The more you think about carpet, the less it seems like a good idea. Much like toilet paper, really, it’s best not to question too closely the suitability of carpet for its assigned duties.

That’s probably why in Japan you get less carpet and less toilet paper. Surprising, really, given that Japan has such an ancient culture; you’d expect if anyone would be stuck in the past with old ways of doing things, it would be Japan. Japan with the carpet and the toilet paper, while new cultures such as America — where you have a fresh start and no historical baggage — would have the patent paper-free toilets and carpet-free houses.

Carpet — almost designed to retain any and all detritus it comes into contact with, is everywhere in America. Essentially unhygienic, there must have been a very powerful marketing department at the first carpet factory else it would have been consigned to the ”cancelled’ bin into which we’d tossed projects such as the vacuum cleaner that blows, roofs made of grass, fruit cake, and the laying on of leeches.

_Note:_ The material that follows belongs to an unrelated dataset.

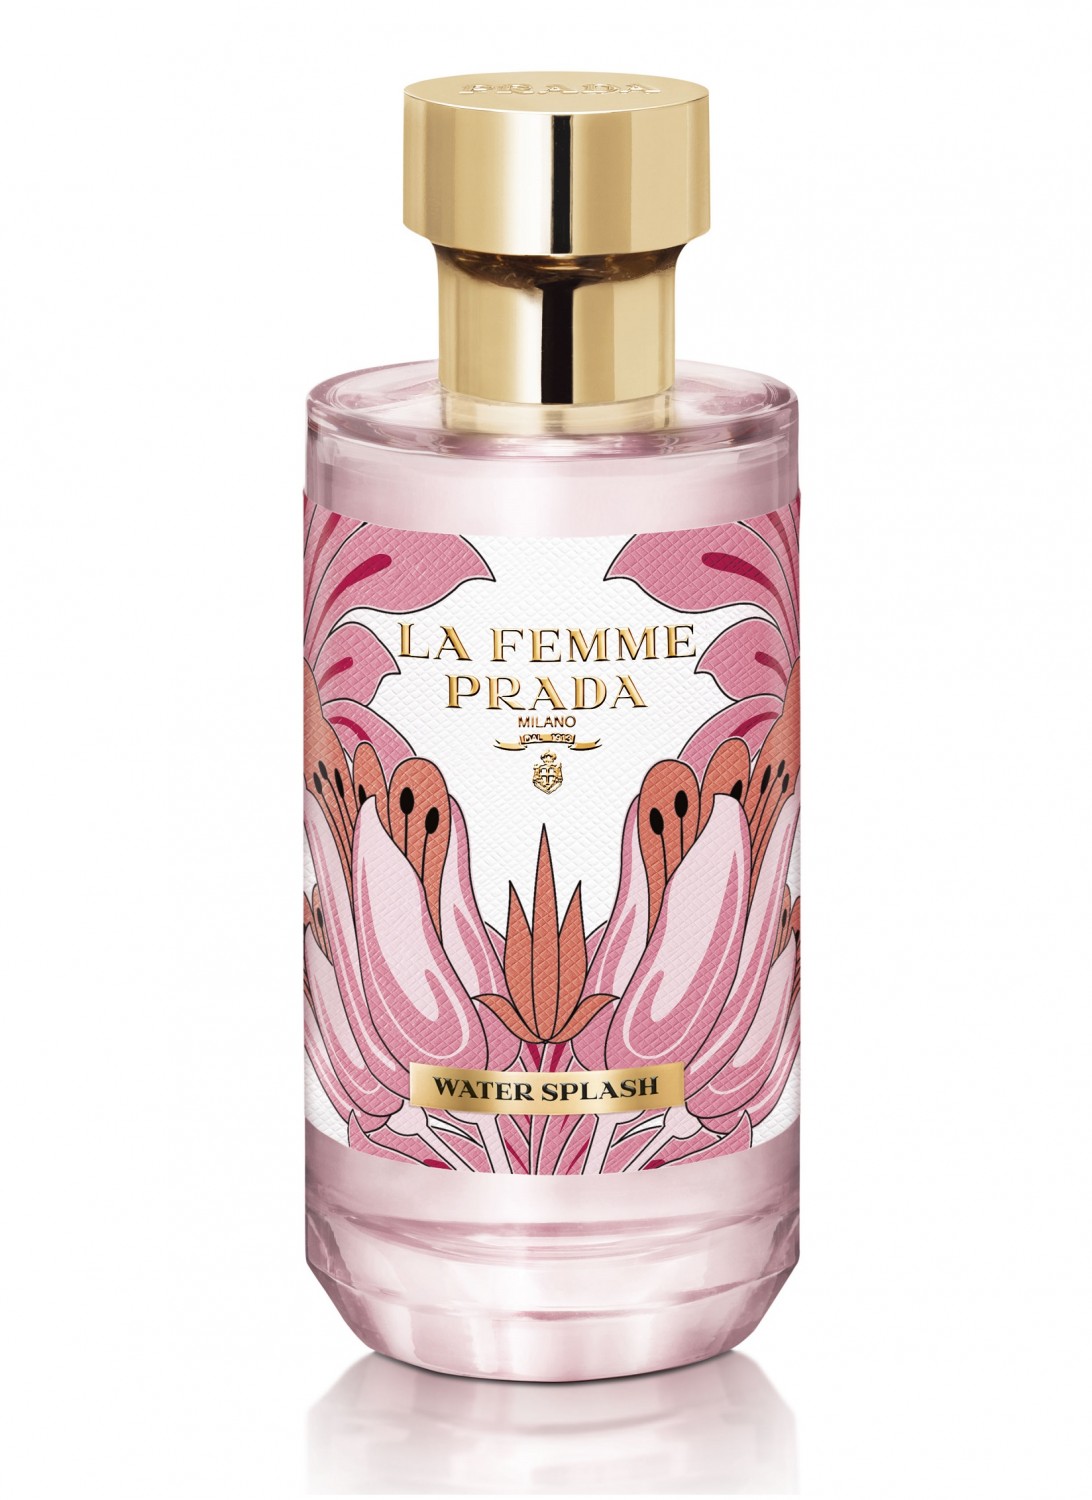 La Femme Prada Water Splash Perfume

But in America, we seem to deliberately saddle ourselves with the most ugly, unworkable, and inconvenient that the world has to offer. Some of all that came with the original settlers — that may be why for many many years domestic cars looked like the back end of a horse. It’s definitely why American kitchen appliances and plumbing fixtures have that folk-art look about them, proudly displaying the nuts and bolts that characterize their previous-century manufacturing techniques. It could be why the cell phone network, suffering as it does from corporate and State competition, features exorbitant costs and incomprehensible rules. We should be happy that it, and the internet, works at all.

But anyway; carpet, really. It’s no wonder the folks in China don’t even try to sell their latest robotic vacuums over here; the limits of artificial robotic vacuum intelligence are terminally tested by the lingering United States’ penchant for shag pile.

Which makes toilet paper a little easier to understand I suppose. Maybe that’s the way we, as a relatively new country, express our sense of history. Carpet is where we came from; it was in vogue when we left, so to speak. Like self-flagellating monks, we express our faith in the past through personal pain and inconvenience in the present. Same goes for toilet paper, otherwise we would have long since out-designed our Japanese competitors in the personal hygiene appliance department.

Incredibly, in this case even the French out-do us.

Of course you can never underestimate the power of the incorporated business in the United States, and it may be that the century-old vacuum cleaner industry is responsible for people still, to this day, picking out a nice wall-to-wall berber for the family room. And toilet paper, invented some 50 years before the vacuum, is propelled into the future by three massive corporations for which it generates many billions of annual dollars.

So until the American public rises up and says ‘enough’ — or at least, the public in California rises up so the other States can eventually follow — sucking and smearing will continue to characterize our daily routines, and baffle our more enlightened Eastern visitors.